例えばそうだな、キャッチコピーを考えるなら、書き出したり、世の中の言葉を読みあさったり、あるいは散歩したりね。そういう感受をグルグルと回し、それらを脳内で編集する行為が「考える」なんだね。インプット・エディット・アウトプットをグルグル回すことが考えるということ。そして、それを突き詰めていけば、いざ何かをする時に「考えるまでもなくなる」という状態になる。それが考えるということ。考えることを突き詰めていけば、考える必要がなくなるのだ。「エディット」が磨かれているから。
先ごろ、「ただ反射的に言葉を投げ返しているだけなのと、頭の回転がはやいということは違う」という言葉を見かけた。言いたいことはわかるけれど、僕はわりかし同じだと思っている。違いは、エディットの部分がどれだけ磨かれているかだけじゃないかな。そもそも「頭の回転がはやい」ってのも、比喩であり、つまりは受け取り手が勝手に決めることだしな。逆に言えば、反射的に言えるくらい身体にフィットしていない考えは、まだ考えが足りないということだとも思う。
昔、島田紳助さんが、「話の上手いやつは作り話であっても、自分をその中に置けるから破綻しない」といったことを話していた。その作り話の中に自分ごと入れるから、たとえエピソードトークの本筋とは関係ない「その歩いている道の広さはどんなもんなん?」と聞かれても「2mくらいかなあ」と答えられる、と。それはその場で考えているのではなく、身を置いているから、それこそ反射的に答えられる。

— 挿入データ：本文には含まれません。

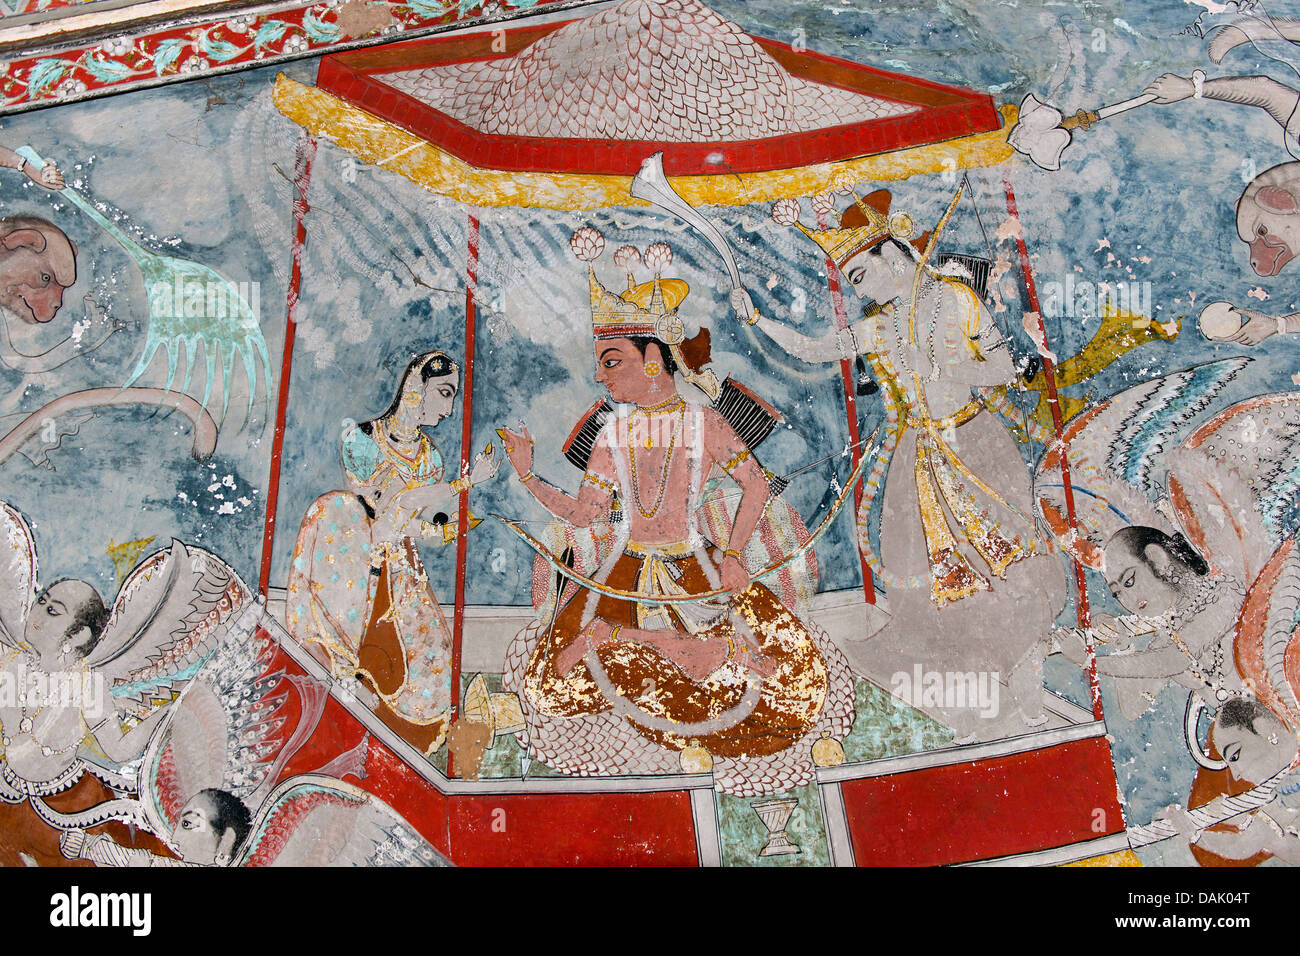 L'homme sous un baldaquin, murale ou fresque peinte avec des couleurs naturelles, Badal Mahal ou Palais de nuages, école de peinture Bundikalam Banque D'Images

「普段から外に出て、何でも経験しとかなアカン」とも言っていた。そうすることでエピソードの種が生まれていく、と。そういうことだと思うなあ。彼は——というか多くのプロの噺家さんは、そうやって色んな経験を積み重ねては「エディット」を磨いているのだと思う。それは頭の回転がはやい、といった話ではないよな。